■ WORK ITEM: Practice item. Set the material below down again exactly, with no pictures.

■ DATA EXTRACT:

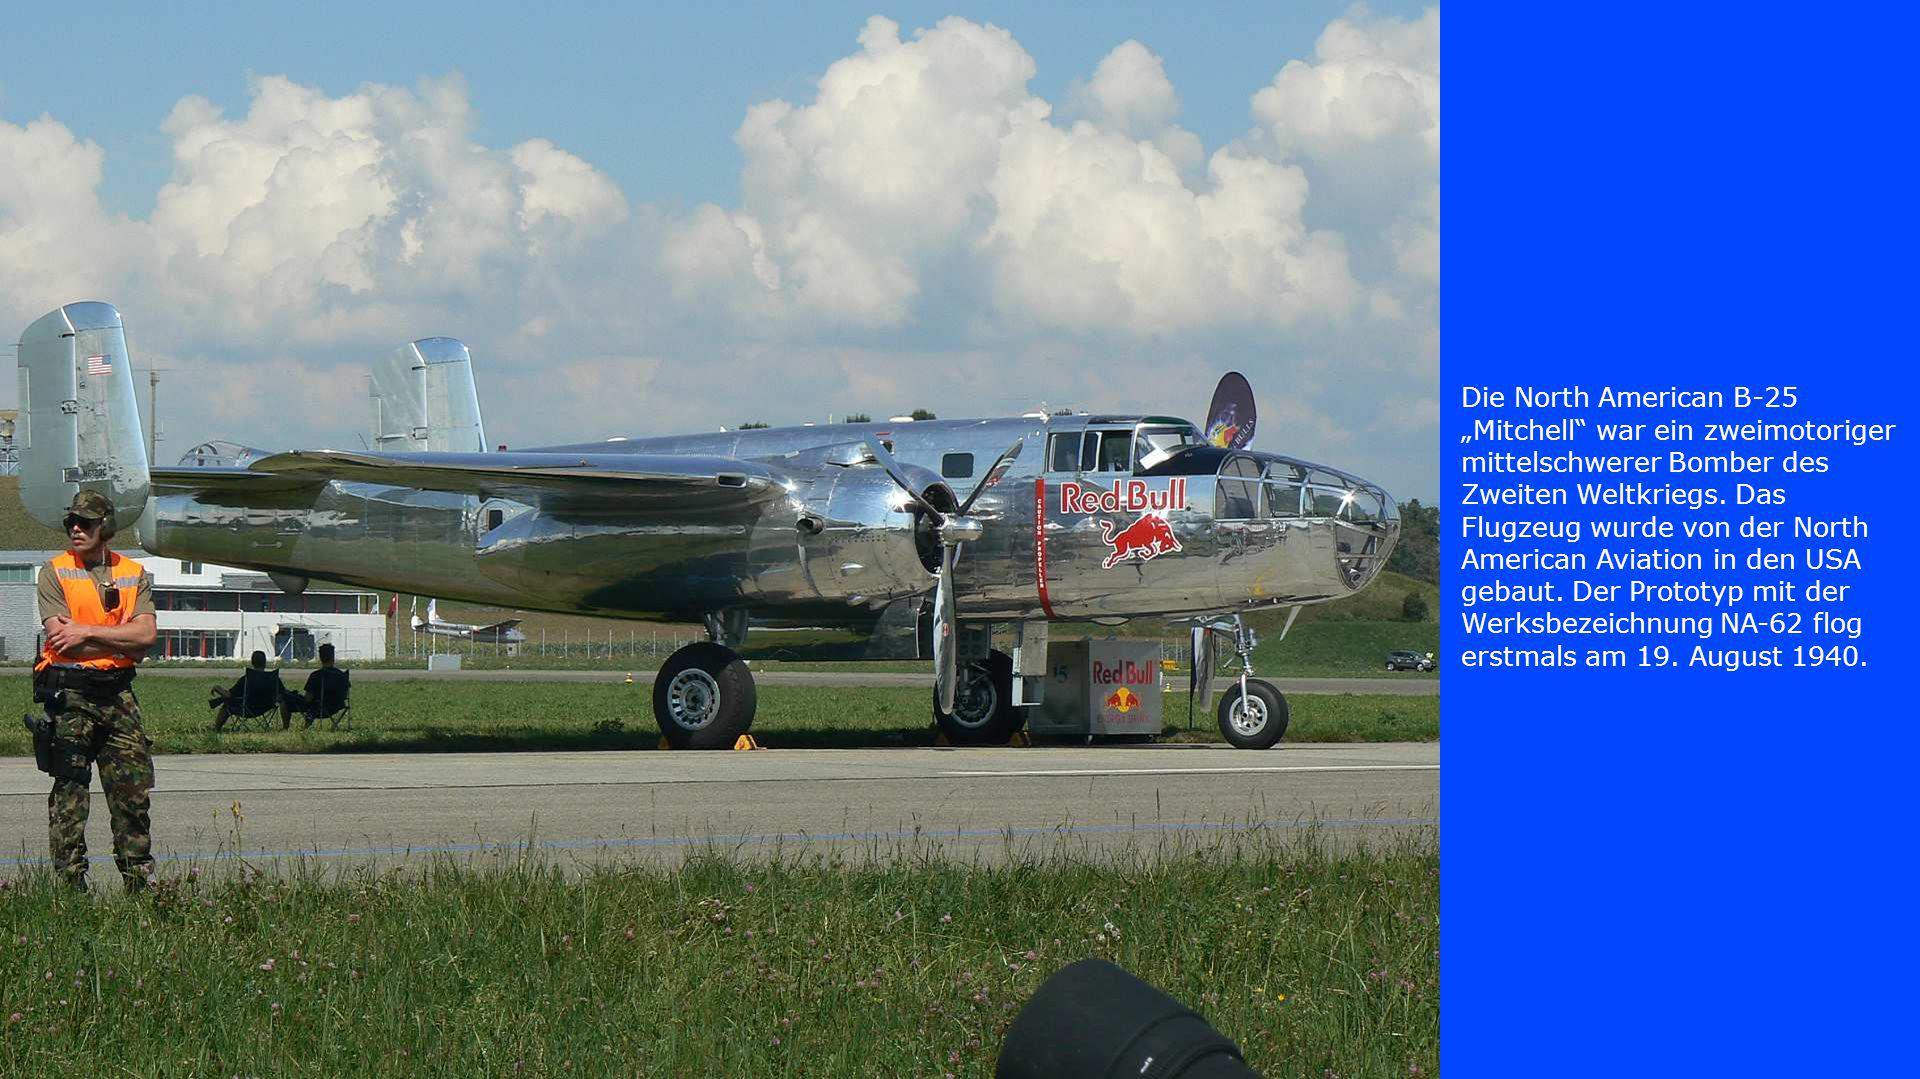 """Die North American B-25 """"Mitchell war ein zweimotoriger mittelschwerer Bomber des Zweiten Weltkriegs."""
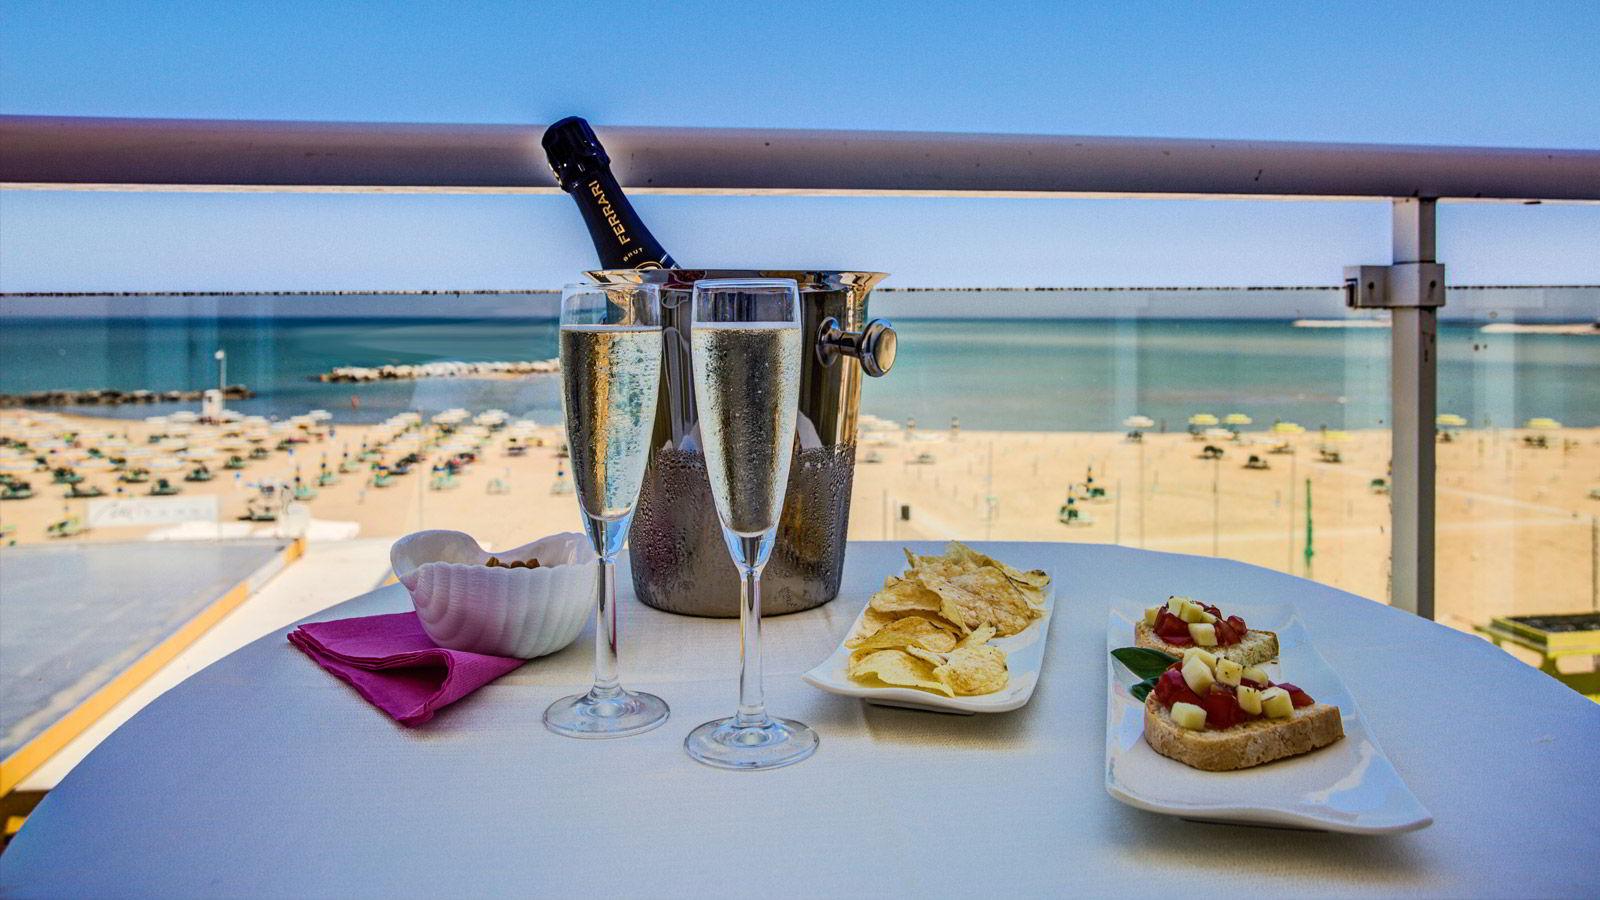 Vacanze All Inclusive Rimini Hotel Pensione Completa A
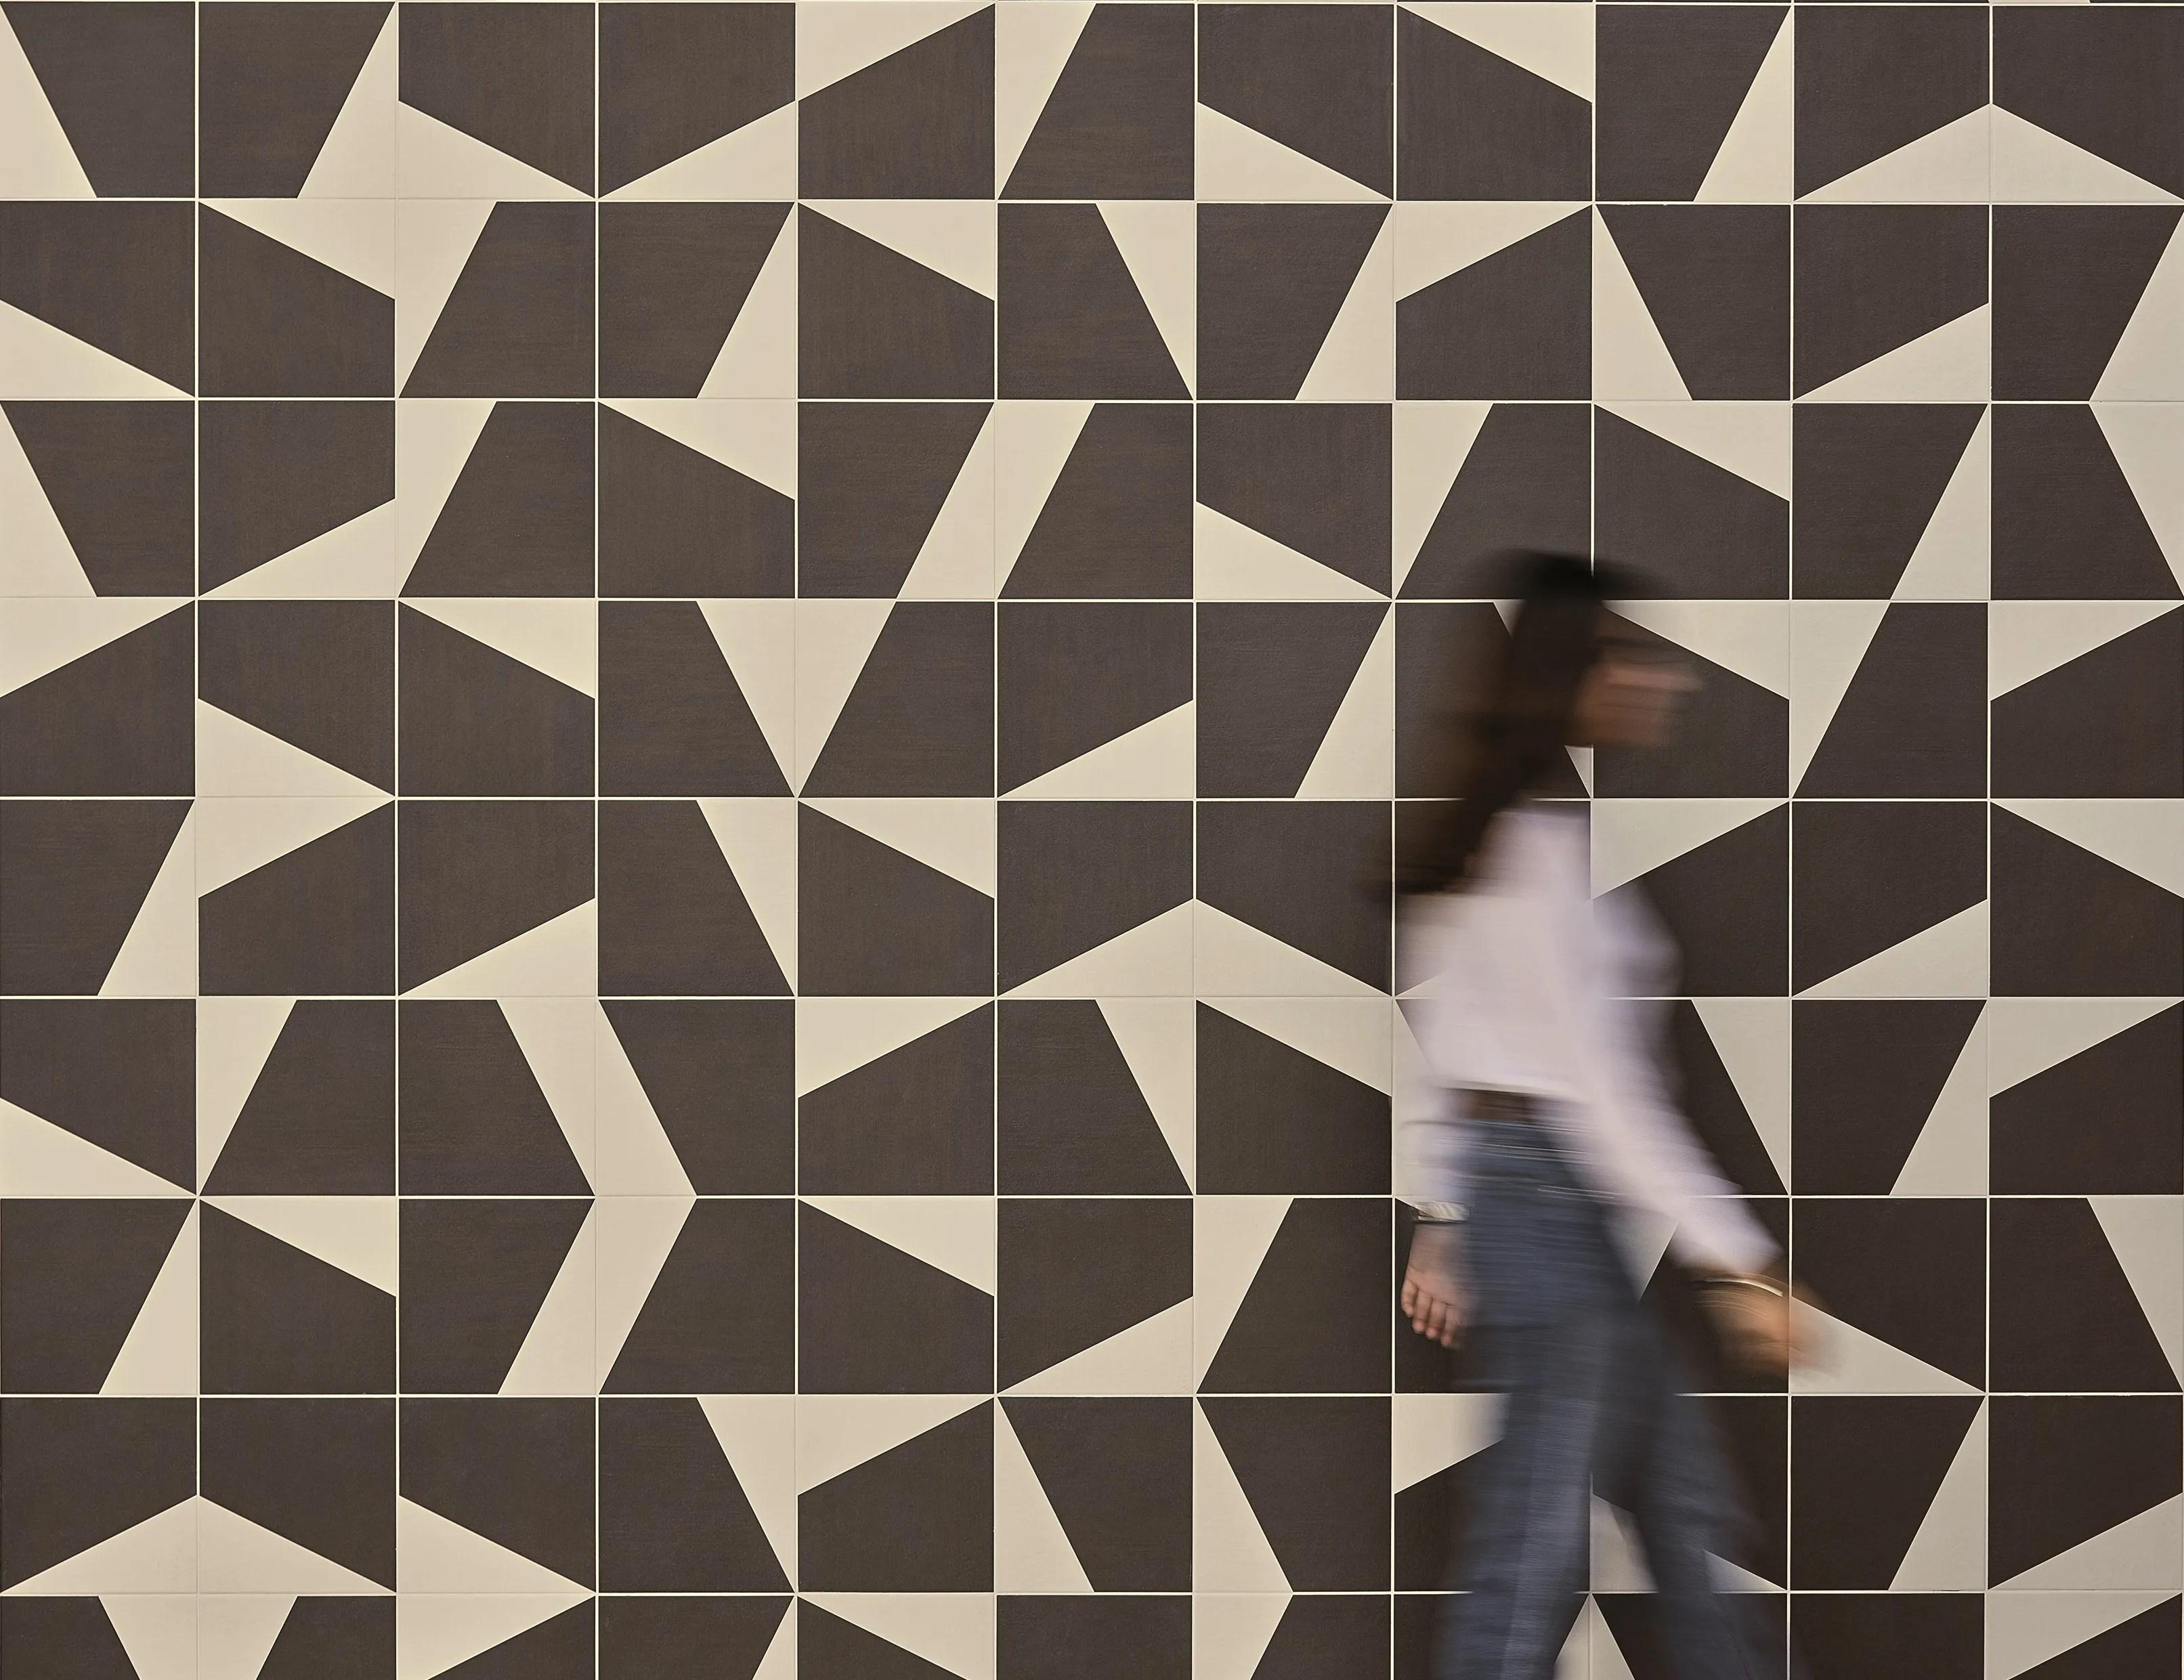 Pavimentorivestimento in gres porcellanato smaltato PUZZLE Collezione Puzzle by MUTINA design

■ SOLUTION TO THIS EXERCISE:
 """Die North American B-25 """"Mitchell war ein zweimotoriger mittelschwerer Bomber des Zweiten Weltkriegs."""
 Vacanze All Inclusive Rimini Hotel Pensione Completa A
 Pavimentorivestimento in gres porcellanato smaltato PUZZLE Collezione Puzzle by MUTINA design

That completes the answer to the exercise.